* _GIVEN DATA_:
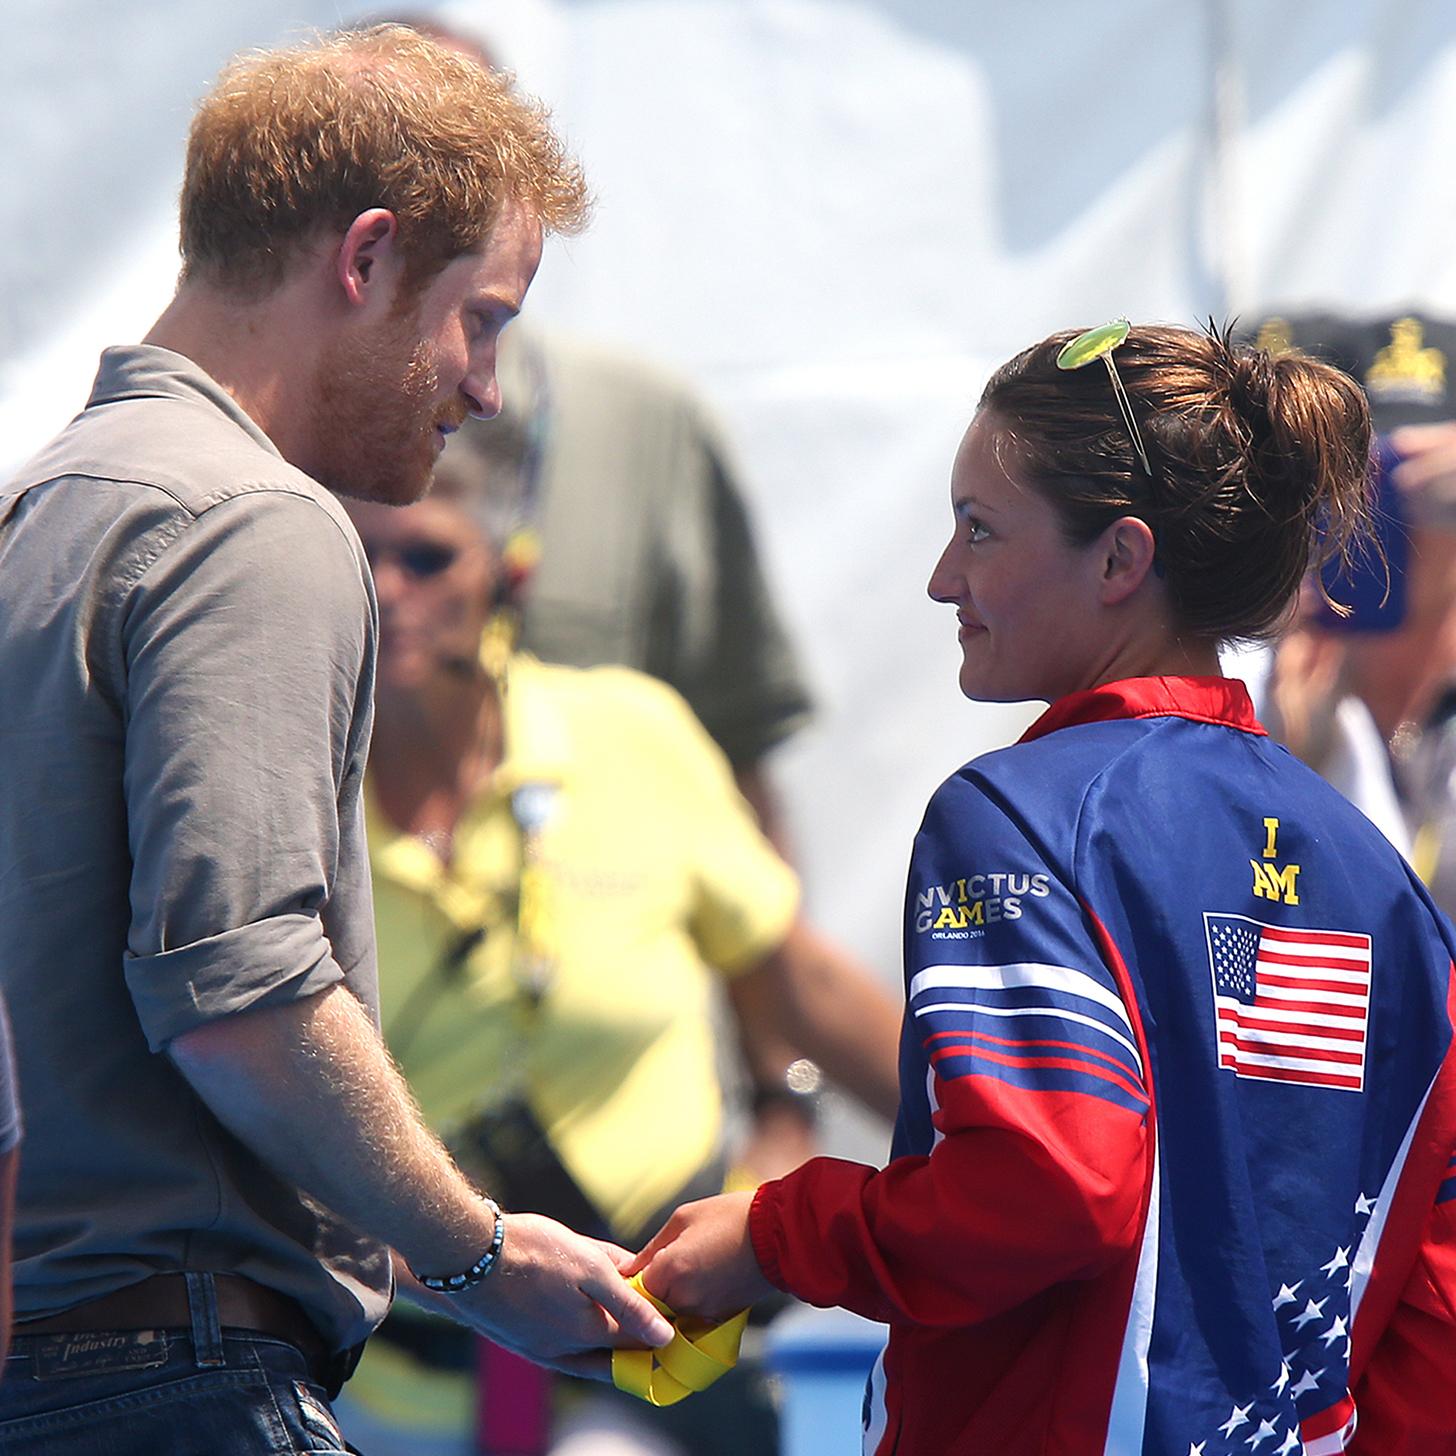 Veteran Returns Medal To Prince Harry (Video)
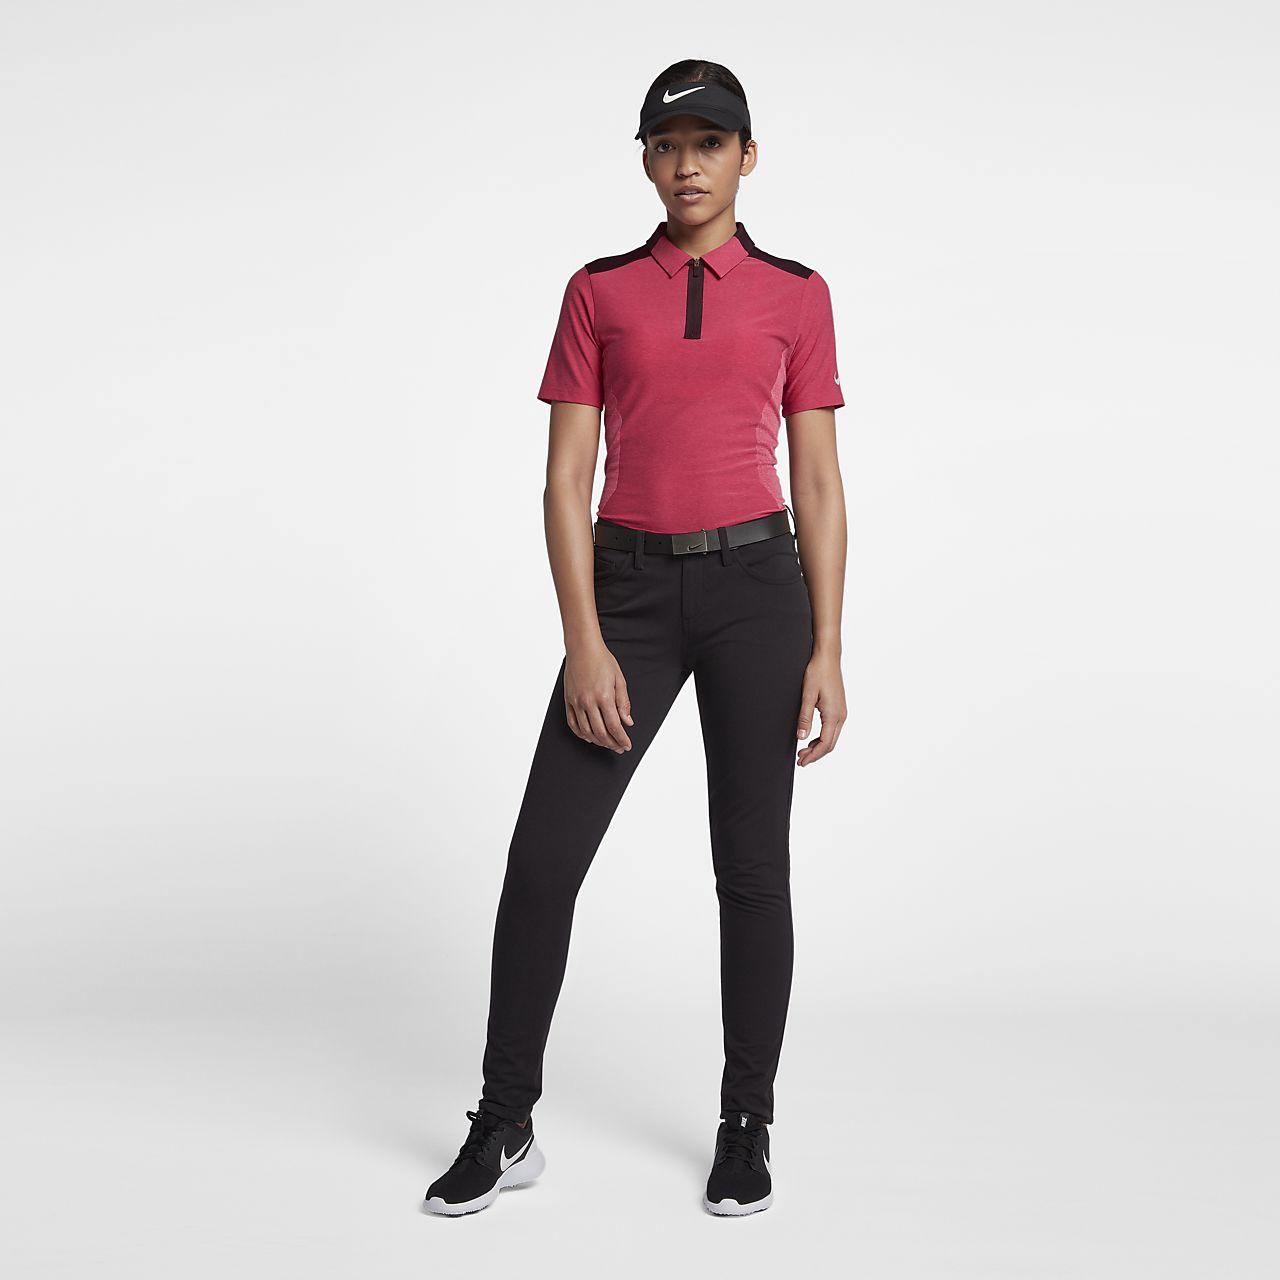 f396000b0029 Γυναικεία μπλούζα πόλο για γκολφ Nike Zonal Cooling. Nike.com GR
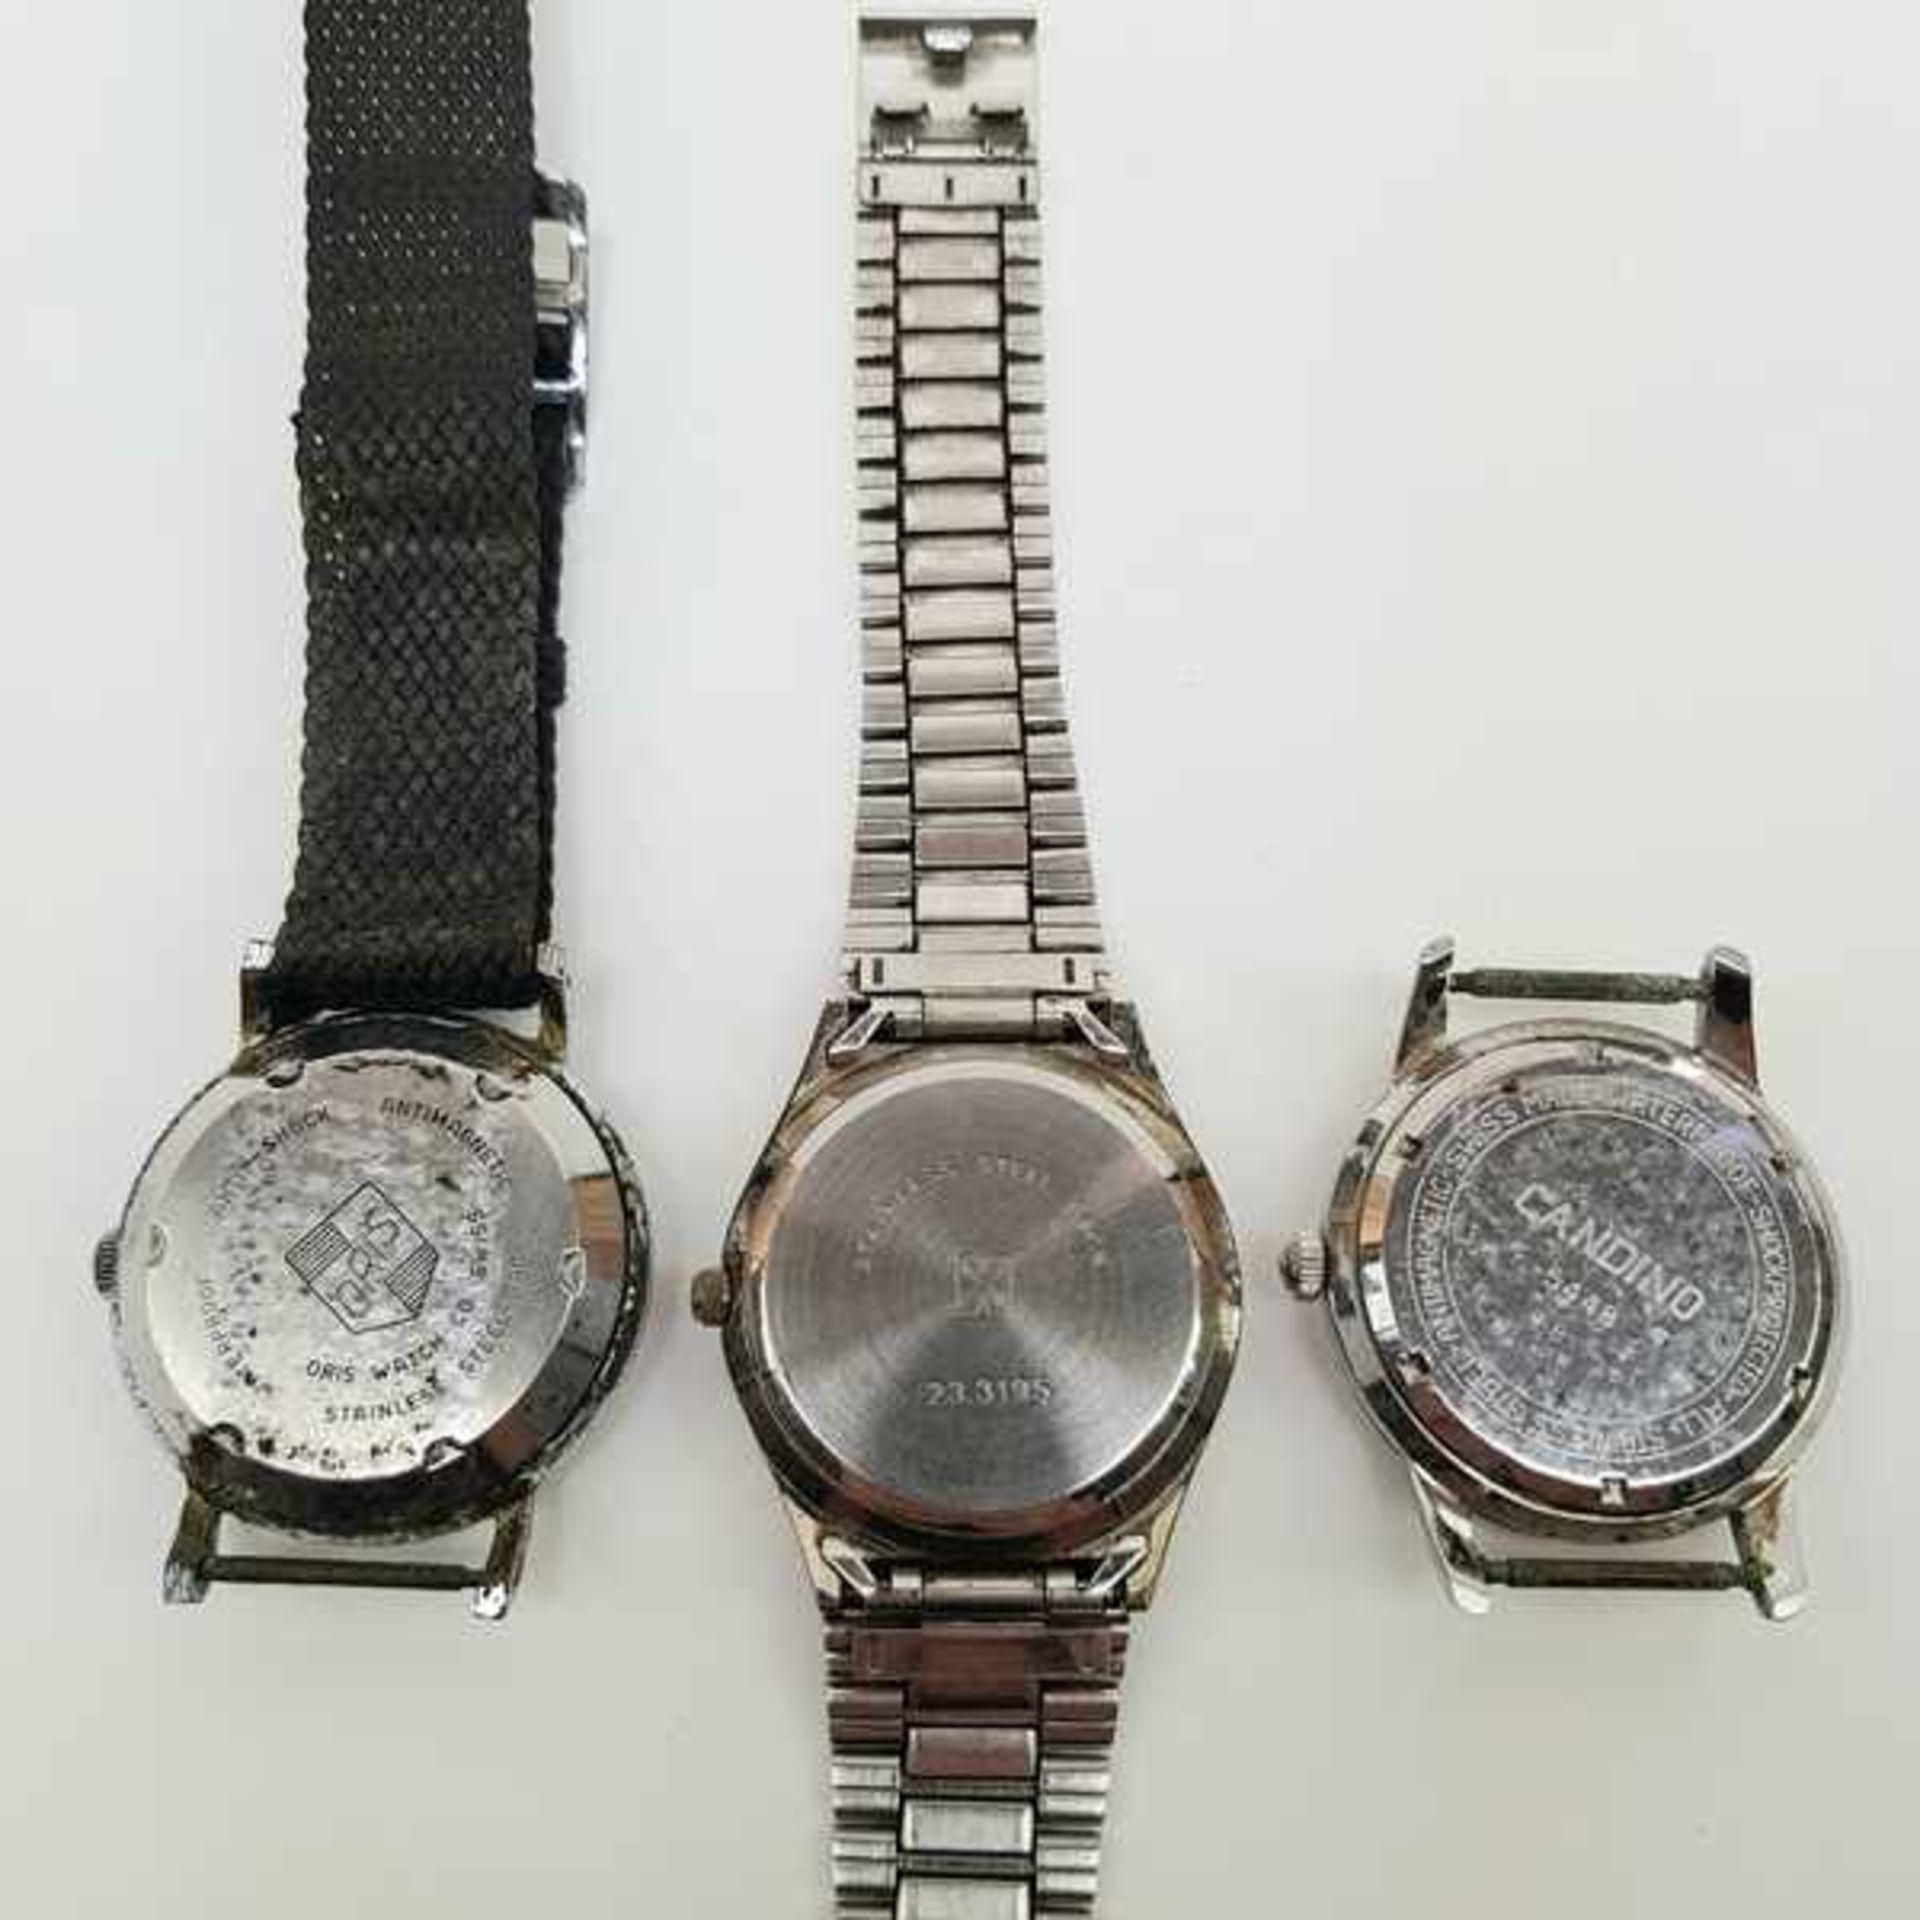 (Sieraden) Horloges Oris - Image 2 of 3

* _WHAT YOU NEED TO DO_:
Only the pictures are to be dropped; the rest of the material above must be duplicated exactly.

* _OUTPUT FOR THIS EXERCISE_:
 Veteran Returns Medal To Prince Harry (Video)
 f396000b0029 Γυναικεία μπλούζα πόλο για γκολφ Nike Zonal Cooling. Nike.com GR
 (Sieraden) Horloges Oris - Image 2 of 3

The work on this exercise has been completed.